What actions are being taken?

According to reports, law enforcement agencies are actively pursuing these cases, with FIRs filed and suspects arrested in multiple States. In Uttar Pradesh alone, dozens of people have been charged, and cross-district investigations are underway to trace connections between local fraud networks. On the industry side, insurers are working closely with the Insurance Information Bureau of India (IIB) to strengthen fraud detection capabilities. This includes building centralised databases of suspicious claims and high-risk agents. The Ministry of Finance has held direct meetings with insurance companies and senior police officials to address systemic loopholes, particularly those related to “insuring the dead.” ICICI Lombard CFO Gopal Balachandran told Moneycontrol that there is also momentum towards tighter KYC protocols, including making real-time Aadhaar authentication mandatory for high-risk schemes. In some cases, insurers are piloting biometric re-verification before settling large claims.

What does this mean for the policyholder?

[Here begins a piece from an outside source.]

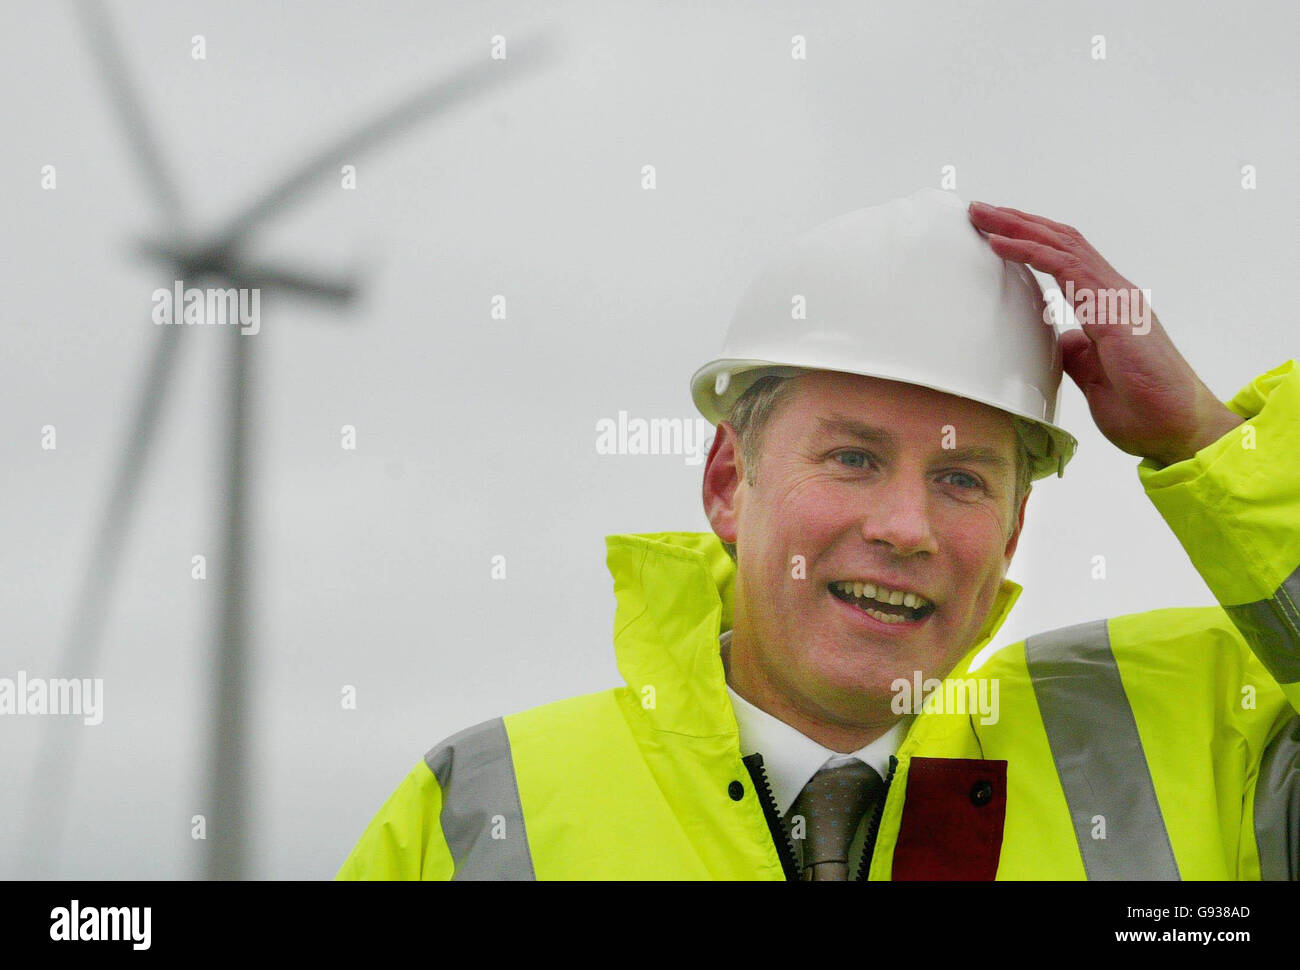 `s größte Windprojekt Großbritanniens von Scottish Power wird am Donnerstag, dem 12. Januar 2006, auf dem Gelände einer alten Kohlemine im Windpark Black Law in South Lanarkshire in Schottland vom stellvertretenden Ersten Minister Nicol Stephen eröffnet, der sich an seinem Hut festhält. Stephen's behauptete, dass das Projekt Schottland dabei helfen werde, ein „Kraftpaket“ für erneuerbare Energien zu werden. Siehe PA Story SCOTLAND Windfarm. DRÜCKEN SIE VERBANDSFOTO. Bildnachweis sollte lauten: David Ceskin/PA Stockfoto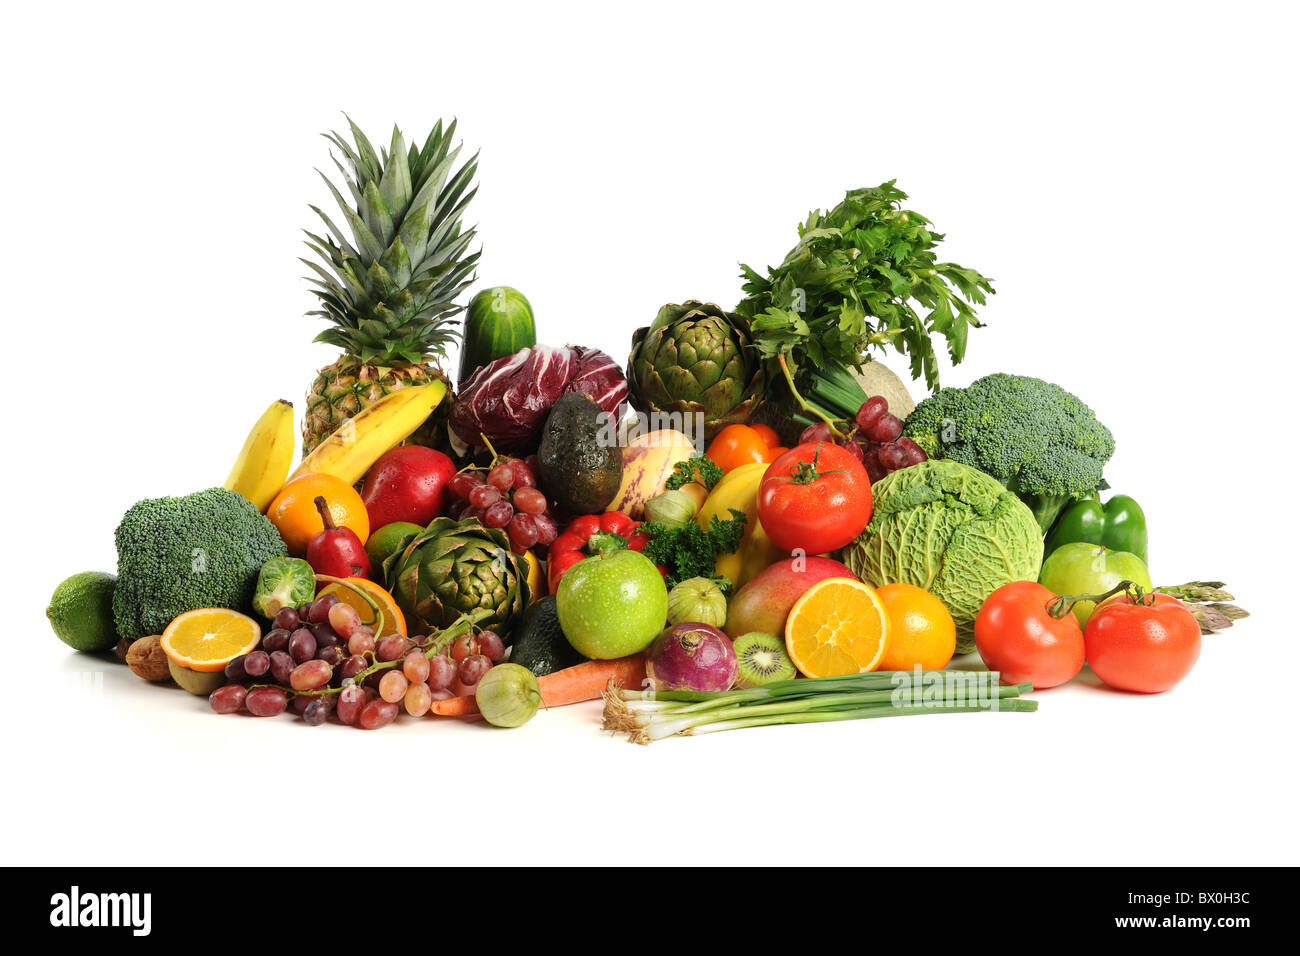 Les fruits et légumes frais sur fond blanc Banque D'Images

For regular customers, experts said, the immediate effect will likely be tighter scrutiny at every stage, whether buying a policy or making a claim. While this could add extra steps, it also increases protection against identity theft and fraudulent claims in your name. Policyholders must mask their Aadhaar number when sharing copies, according to experts, while regularly checking your insurance records to ensure no unauthorised policies have been opened, and being cautious about agents offering “special schemes” or quick payouts. If you suspect misuse, they suggest, report it both to your insurer and to UIDAI, and lodge a police complaint without delay.